Task directions: In the data below, set down exactly the lines from the one containing "Rare Two-tone Gasser" up to and including the one containing "Corsica: architectural details". Leave the pictures out.

Dataset:
----

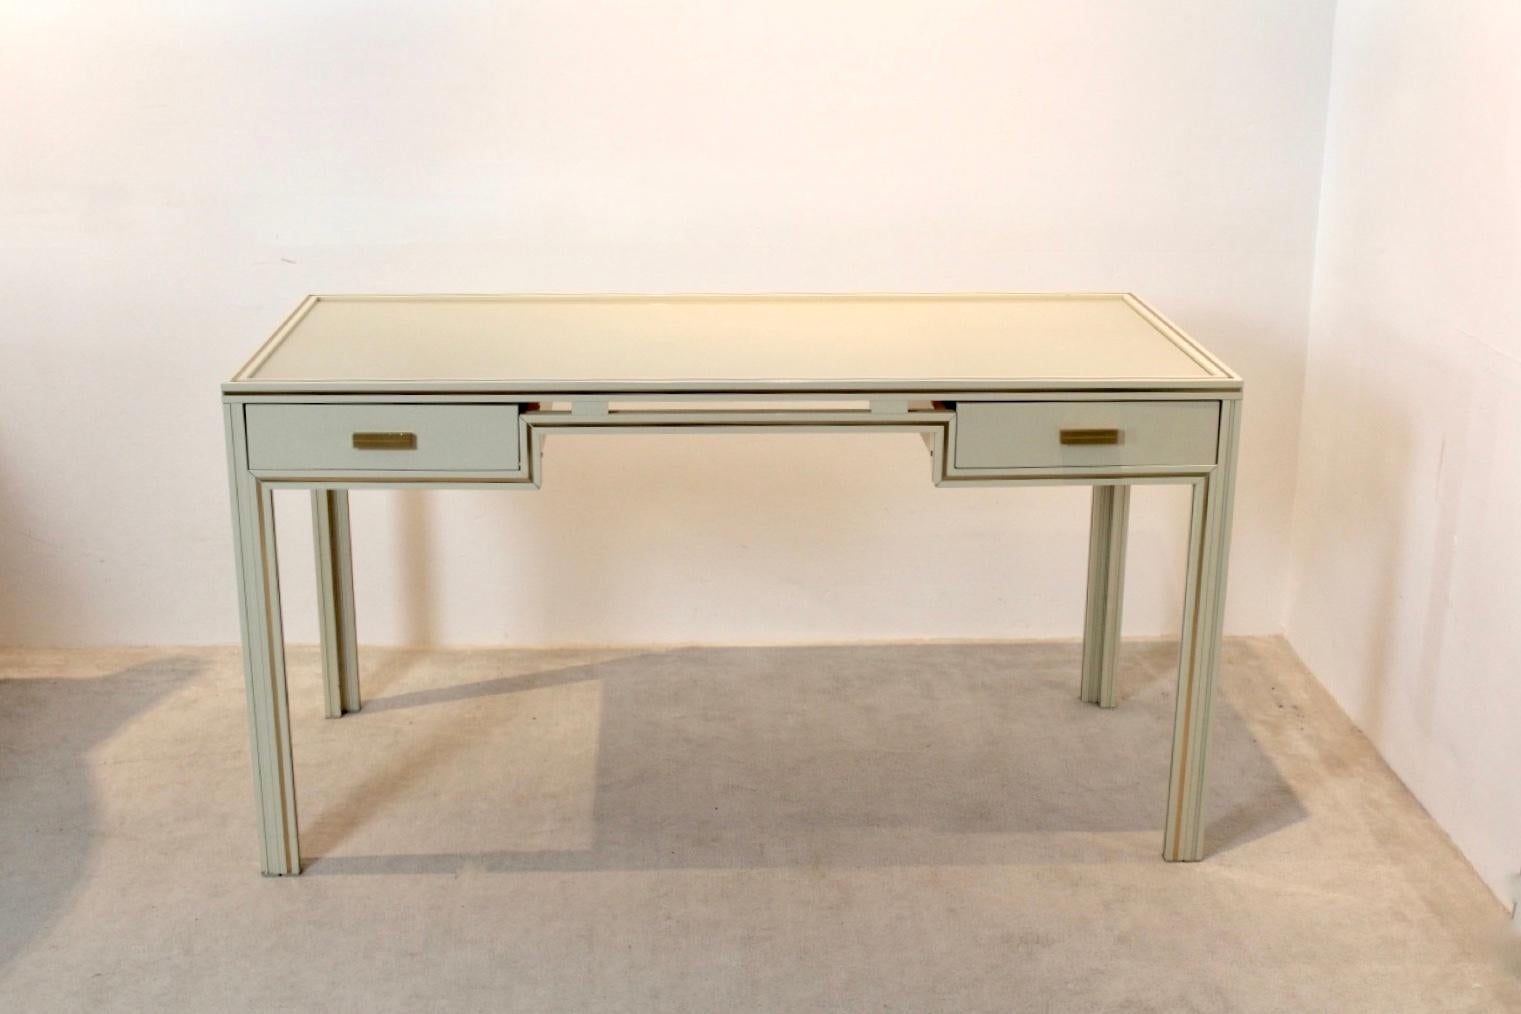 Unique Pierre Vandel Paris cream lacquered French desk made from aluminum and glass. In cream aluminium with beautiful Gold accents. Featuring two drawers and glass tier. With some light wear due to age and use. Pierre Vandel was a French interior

----

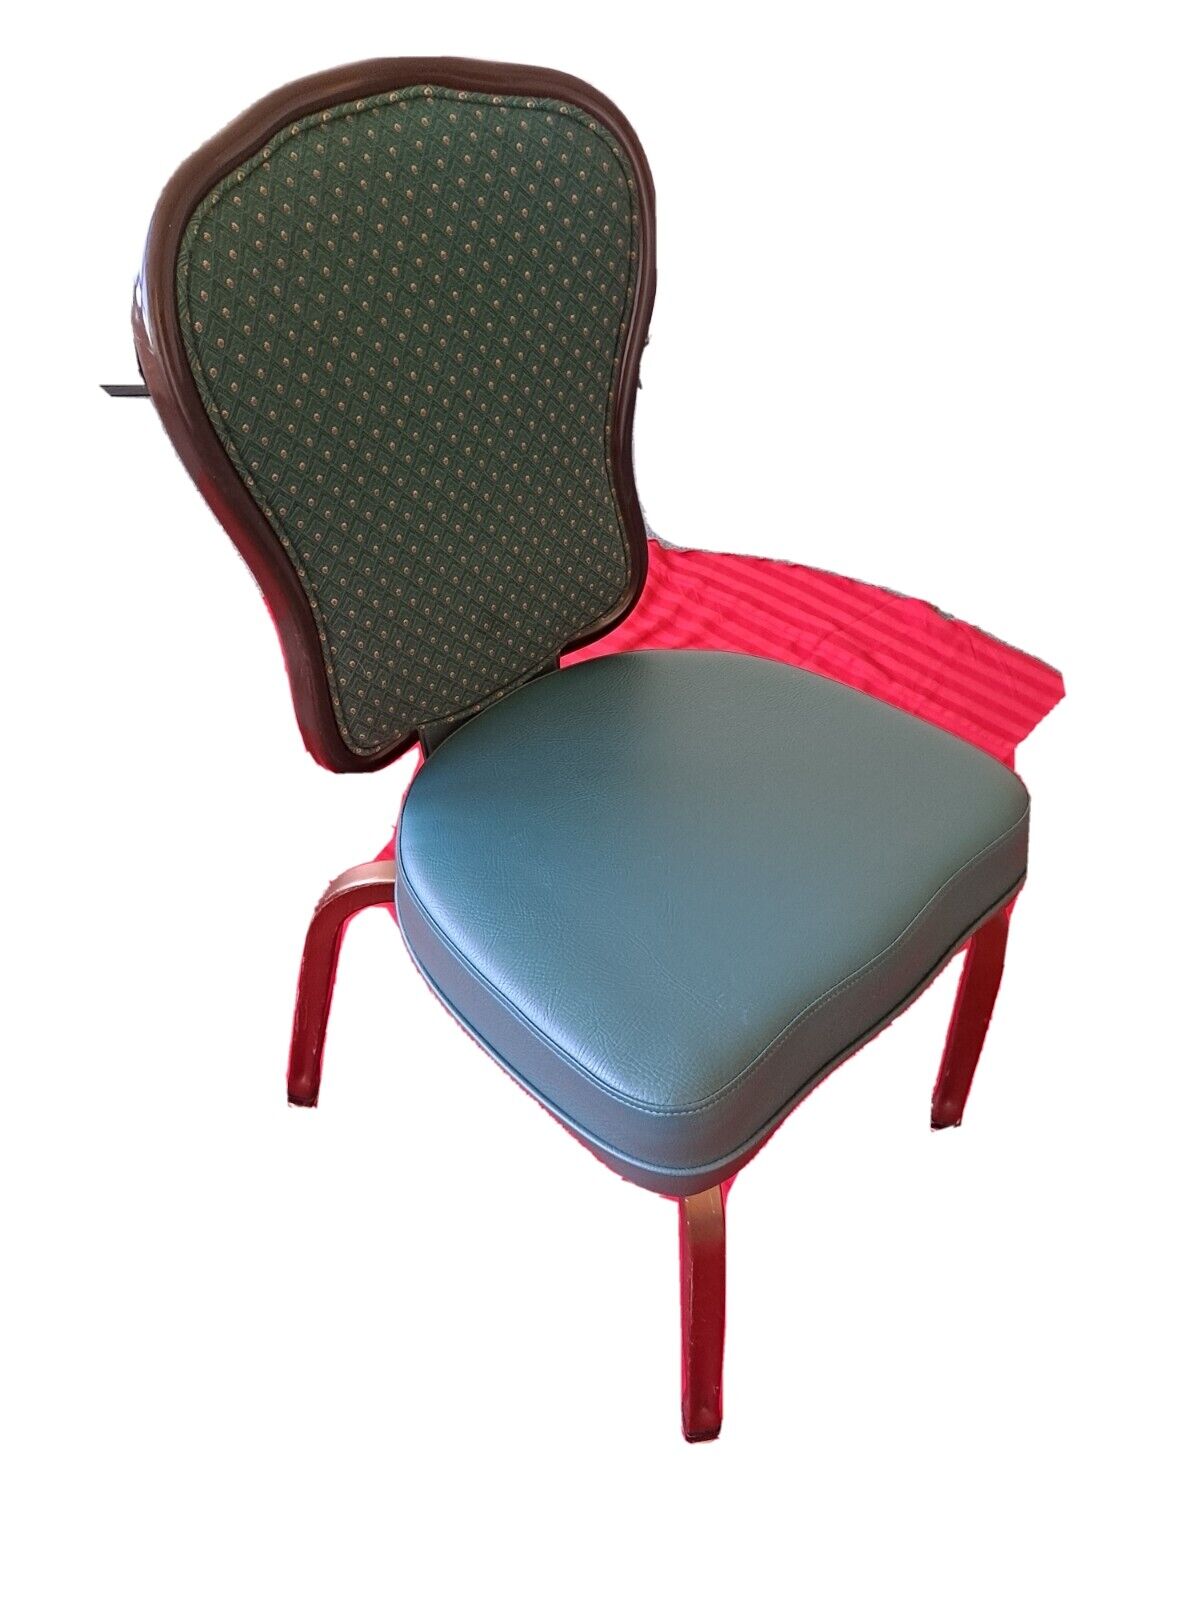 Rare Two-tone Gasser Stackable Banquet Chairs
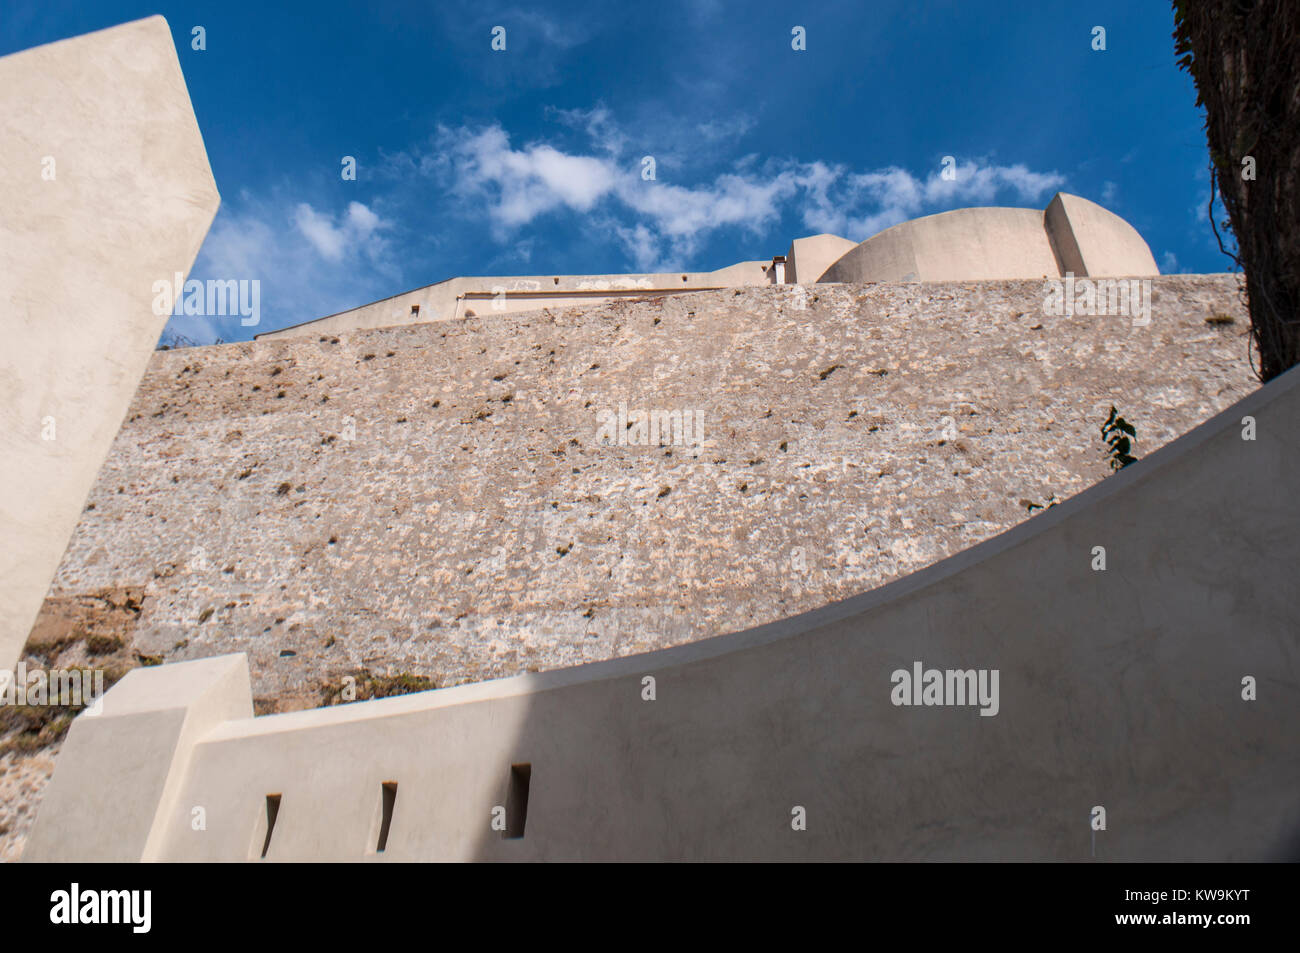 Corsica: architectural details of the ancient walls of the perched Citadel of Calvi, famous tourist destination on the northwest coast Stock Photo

----

Written answer:
 Rare Two-tone Gasser Stackable Banquet Chairs
 Corsica: architectural details of the ancient walls of the perched Citadel of Calvi, famous tourist destination on the northwest coast Stock Photo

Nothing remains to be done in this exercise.